Portis: 'I Don't Have To Do This By Myself'

Washington is a tough town for Clintons, be they Bill, Hillary or Portis.

The latter in that group practiced no politics on Sunday as the Redskins concluded their three-day voluntary minicamp. He said he felt fine, looked forward to being part of a backfield augmented by two free-agent pickups and would once again show himself to be a top performer.
Clinton Portis missed the final eight games last season with a concussion and was the subject of much scrutiny over his practice habits and conditioning before that injury in the loss to the Atlanta Falcons. He didn’t much like the critiques.

“I’m tired of proving myself,” the Redskins’ second all-time leading rusher said as the club concluded its first voluntary minicamp. “You get wrote off so quick.”

Knocked out in the eighth game, Portis was still on roughly a 1,000-yard pace and averaged 4.0 yards a carry in a disappointing 2009 season.
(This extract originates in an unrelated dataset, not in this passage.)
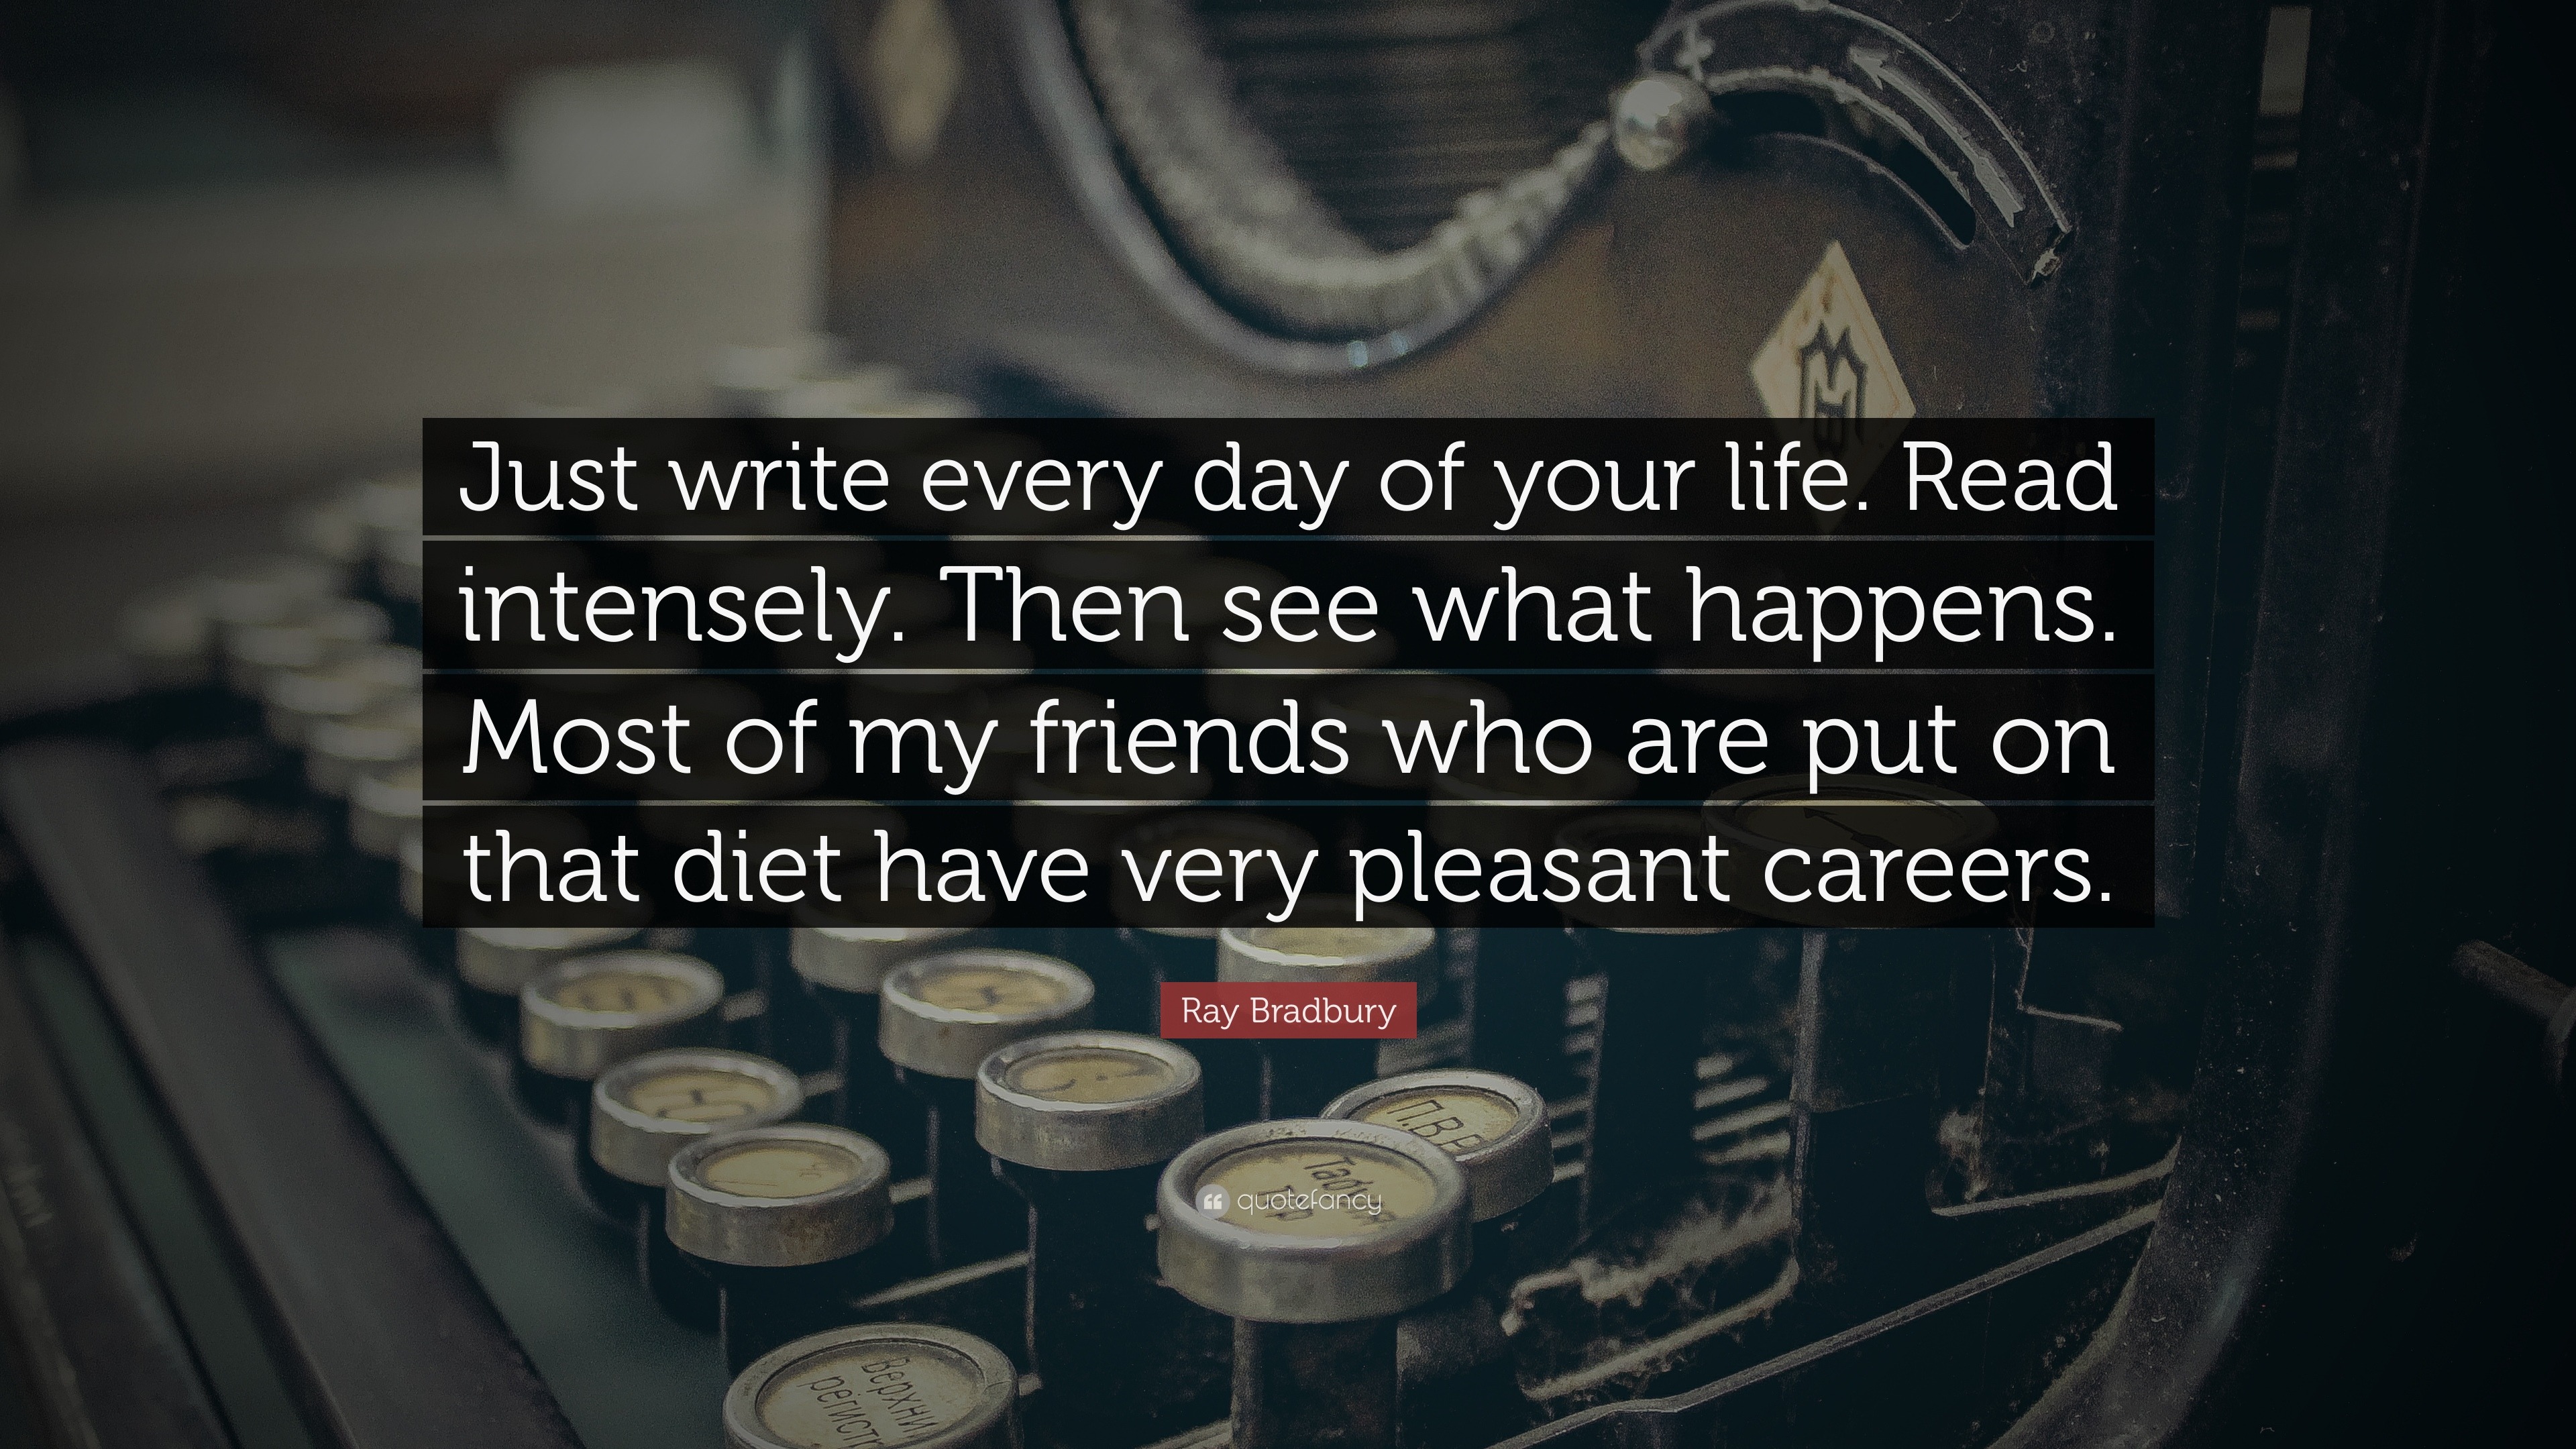 Ray Bradbury Quote: “Just write every day of your life. Read

He finished with 494 yards, the fewest of his eight-year career, and scored only one rushing touchdown.

At 29, Portis will be part of a backfield that also includes veterans Larry Johnson and Willie Parker, who are accustomed to heavy workloads.
Can they all get enough carries to find a rhythm and thrive?
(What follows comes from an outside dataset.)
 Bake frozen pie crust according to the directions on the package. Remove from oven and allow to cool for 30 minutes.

“We’ll find a way to make it work,” Portis said.

Nor does he see this as a scenario in which he is fighting for a job.

“I don’t,” he said. “All my career I’ve been in this situation. I think it will bring out the best in me.”

When the Denver Broncos (and Mike Shanahan) drafted him in 2002, the Broncos had other running backs – Olandis Gary, Mike Anderson – ahead of Portis on the depth chart. But he churned for 3,099 yards and 29 rushing touchdowns in his first two seasons before the Broncos traded him to the Redskins.

While has never averaged close to the 5.5 yards per carry here that he did in Denver, Portis often carried the Redskins simply by dint of his Sunday workload.

In six years with the Redskins he rushed the ball more than 300 times in every one but the two in which injuries limited him to half the games. He has racked up 6,597 yards for the Redskins, behind only John Riggins (7,472).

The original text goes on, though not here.